As mudanças sem precedentes necessárias para evitar uma catástrofe ambiental global
ONU faz radiografia da saúde da Terra e adverte para principais tratados ambientais internacionais
A crise ambiental para a qual o modelo insustentável de desenvolvimento do ser humano conduziu a Terra tem facetas preocupantes. As mudanças climáticas ameaçadoras e transversais, a perda dramática de biodiversidade, a redução drástica da água doce disponível, a poluição letal do ar, a profusão de plásticos nos mares e oceanos, a pesca excessiva ... O Programa das Nações Unidas para o Meio Ambiente (PNUMA) radiografou os principais problemas ambientais do planeta com base no conhecimento científico disponível. As conclusões do extenso relatório — 740 páginas — Perspectivas para o Meio Ambiente Mundial (GEO, na sigla em inglês) apresentadas nesta semana são preocupantes. E são por causa do que já está acontecendo com o planeta (com 7,5 bilhões de habitantes na Terra) e o que pode acontecer no futuro próximo (até 2050 a ONU prevê que serão 10 bilhões e, em 2100, 11 bilhões).

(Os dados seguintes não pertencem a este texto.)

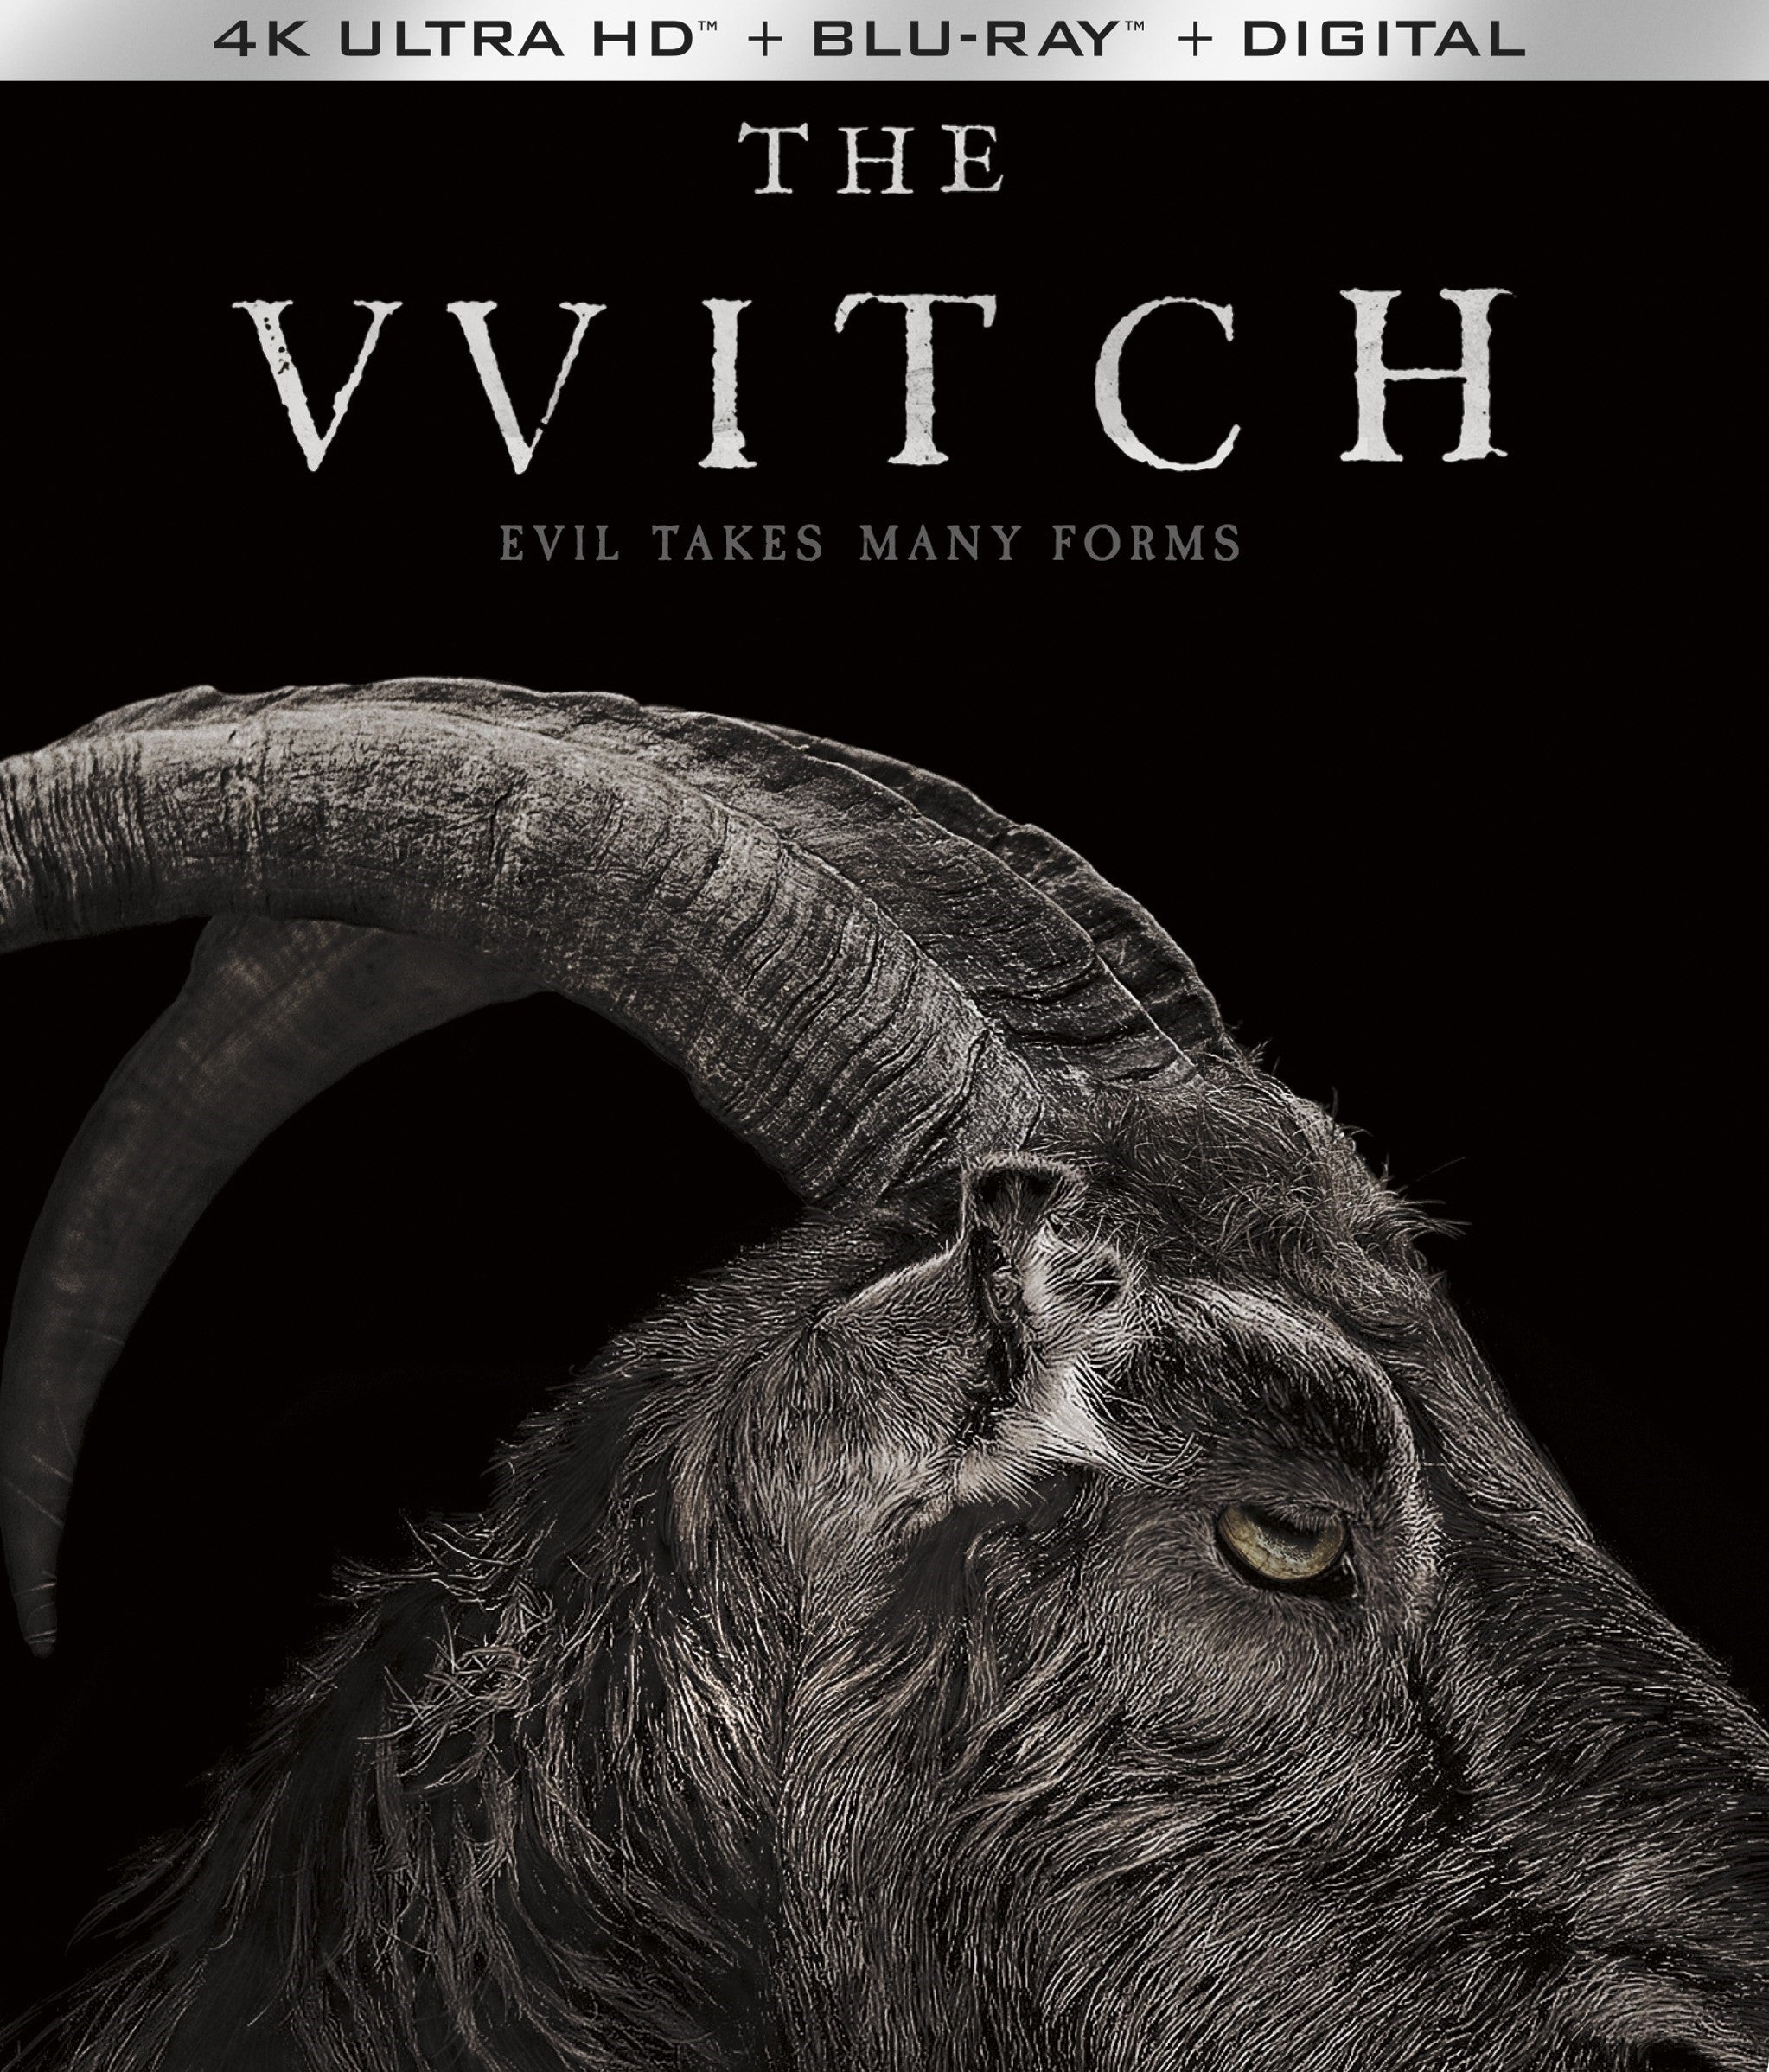 THE WITCH 4K UHD/BLU-RAY

A humanidade não está a caminho de cumprir as metas estabelecidas para 2030 e 2050 nos diversos acordos internacionais sobre mudança climática, desenvolvimento sustentável e proteção ambiental. "Medidas urgentes são necessárias agora", diz a ONU. O relatório — o sexto, o primeiro data de 1997 — observa que, embora em alguns pontos específicos haja alguma melhora, desde a publicação da primeira edição há mais de 20 anos "o estado geral do meio ambiente continuou a se deteriorar em todo o mundo". De acordo com a análise, os esforços de alguns países e regiões são dificultados por modelos de "produção e consumo insustentáveis" e pelas mudanças climáticas.

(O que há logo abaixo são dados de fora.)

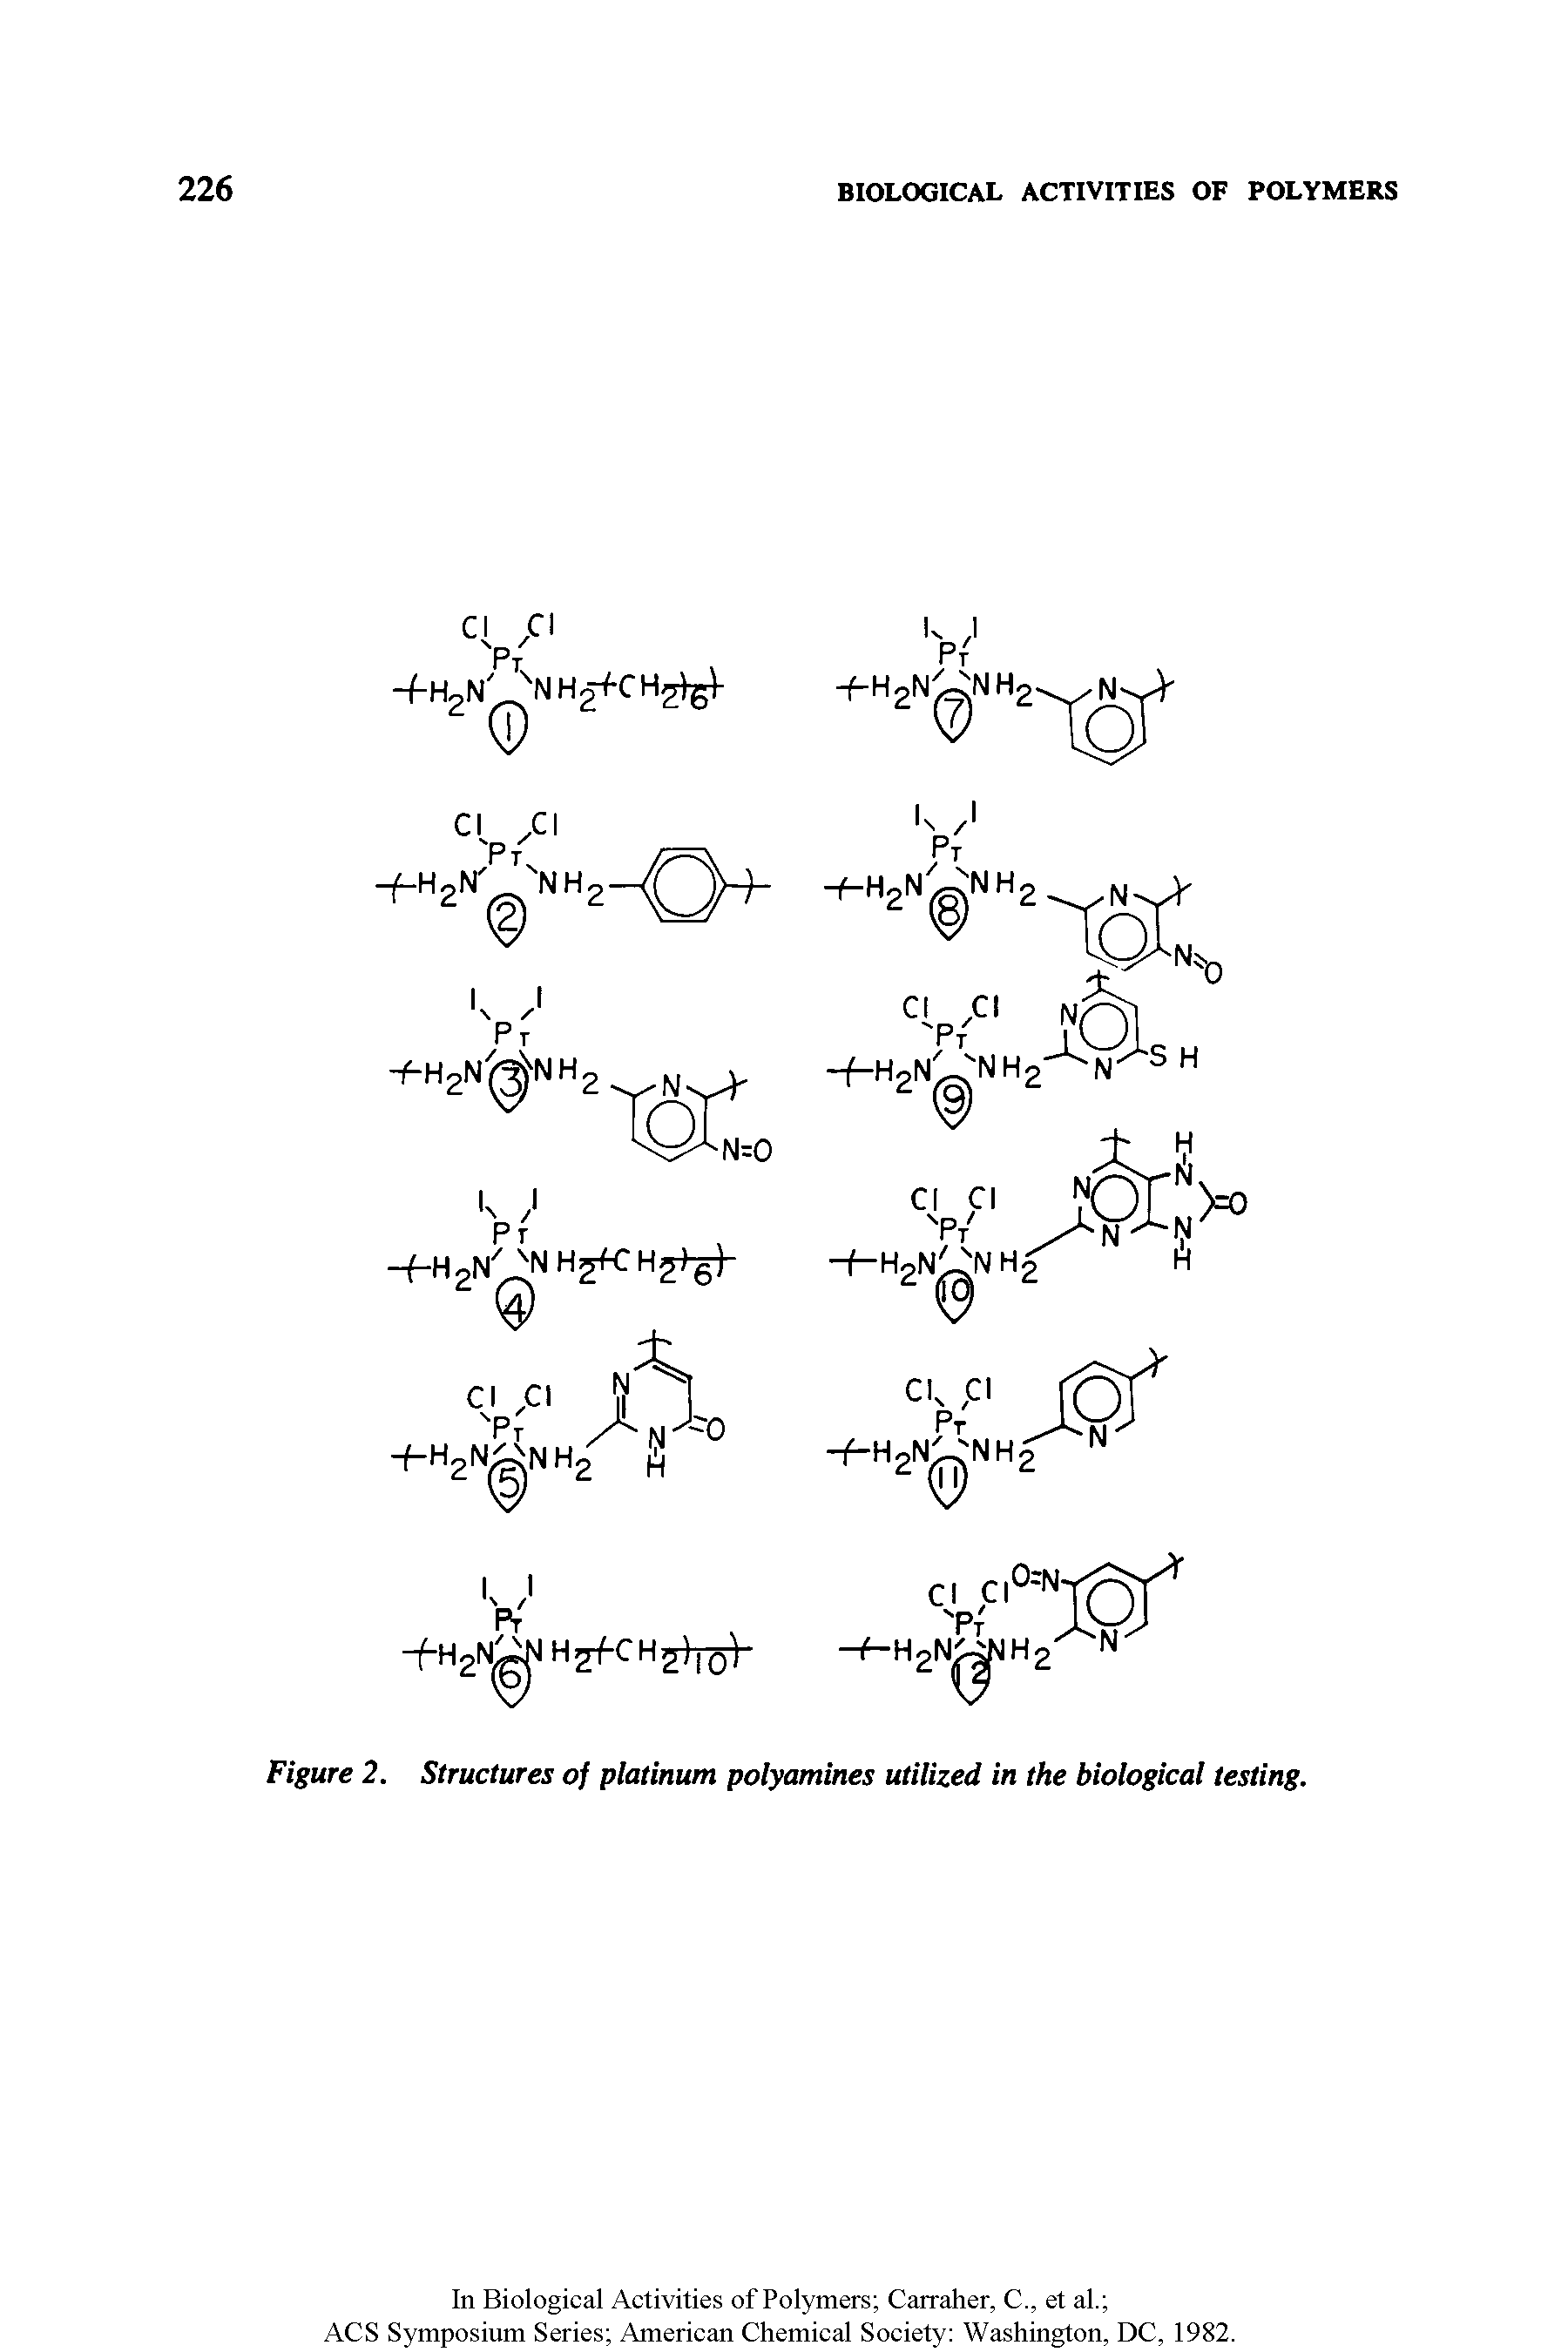 Figure 2. Structures of platinum polyamines utilized in the biological testing.

“É necessário adotar medidas urgentes em uma escala sem precedentes para deter e reverter essa situação e, assim, proteger a saúde humana e ambiental", conclui o relatório. A parte positiva é que conhecemos as medidas que devem ser tomadas e que, inclusive, estão em tratados internacionais como o Acordo de Paris ou os chamados Objetivos de Desenvolvimento Sustentável (ODS). Temos de frear a perda de biodiversidade e a poluição do ar, melhorar a gestão da água e dos recursos, mitigar as mudanças climáticas e nos adaptarmos a elas, usar os recursos com eficiência ...
Mas o mais negativo é que os diferentes estudos científicos analisados apontam que os países não estão se movendo nessa direção. A sexta edição do GEO alerta que as projeções indicam "que os avanços são muito lentos para atingir as metas, ou que até seguem na direção errada".

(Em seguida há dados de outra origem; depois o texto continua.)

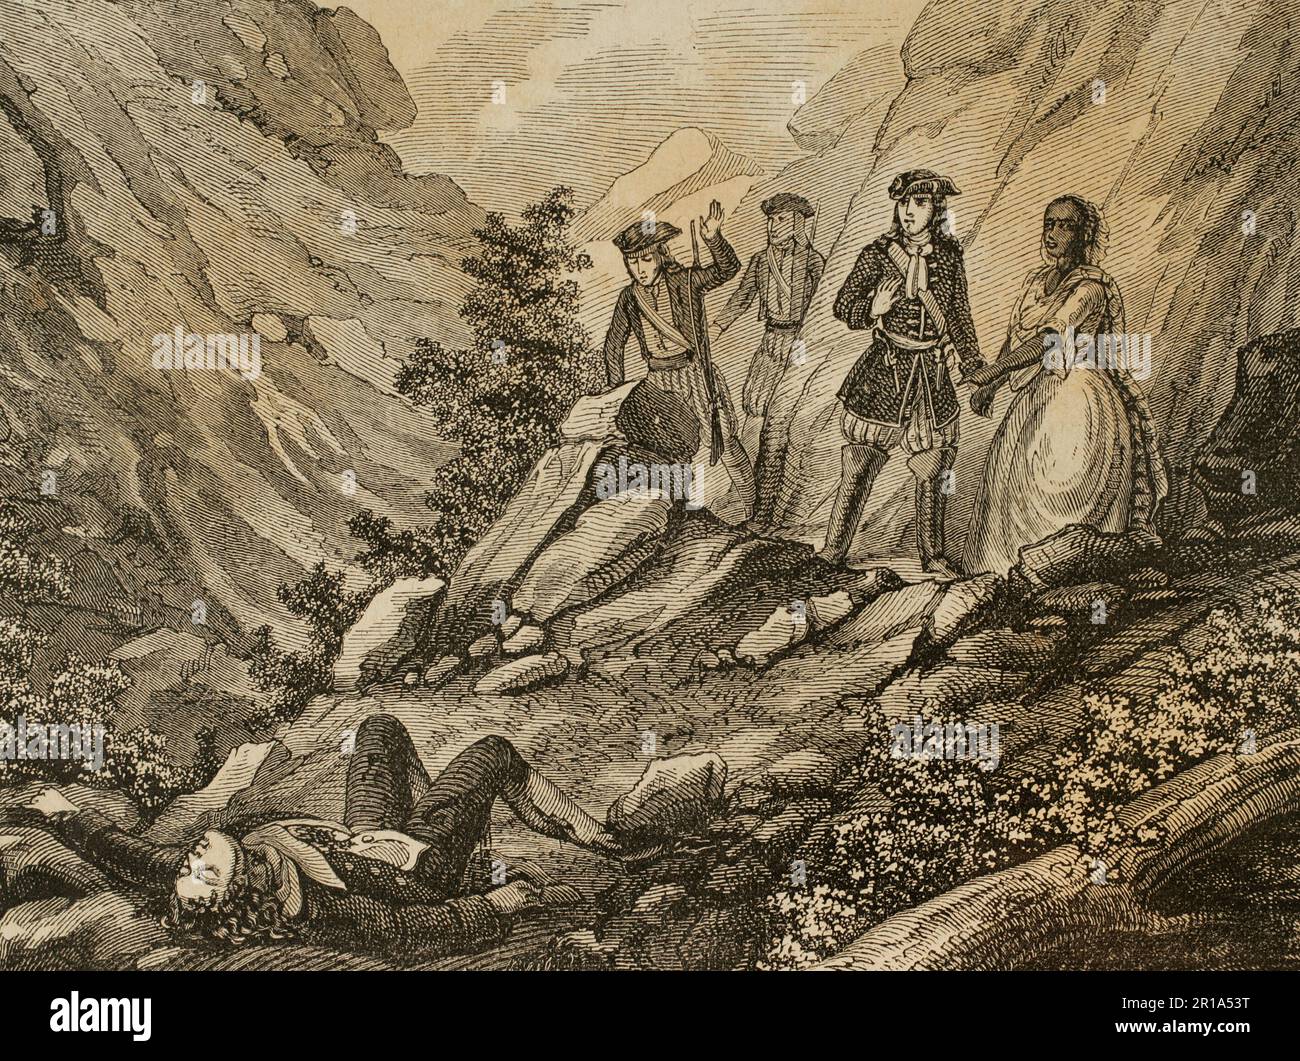 History of the Squadrons of Catalonia. Who has mutilated him so?, said the corporal. Me, answered the black woman, because he was unfaithful to me'. Engraving depicting the corpse of a man found by the agents in a mountain landscape. 'Historia de las Escuadras de Cataluña, intercalada con la vida y hechos de los más célebres ladrones y bandoleros' (History of the Squadrons of Catalonia, interspersed with the life and facts of the most famous thieves and bandits). By José Ortega y Espinós (1815-1876). Barcelona, 1876. Stock Photo

Portanto, se as medidas drásticas indicadas não ocorrerem, os objetivos estabelecidos no Acordo de Paris contra as mudanças climáticas e os ODS não serão cumpridos. "A constante incapacidade de tomar medidas urgentes está tendo impactos negativos sustentadas e potencialmente irreversíveis nos recursos ambientais essenciais e na saúde humana", diz o relatório, preparado por 250 cientistas e especialistas de 70 países.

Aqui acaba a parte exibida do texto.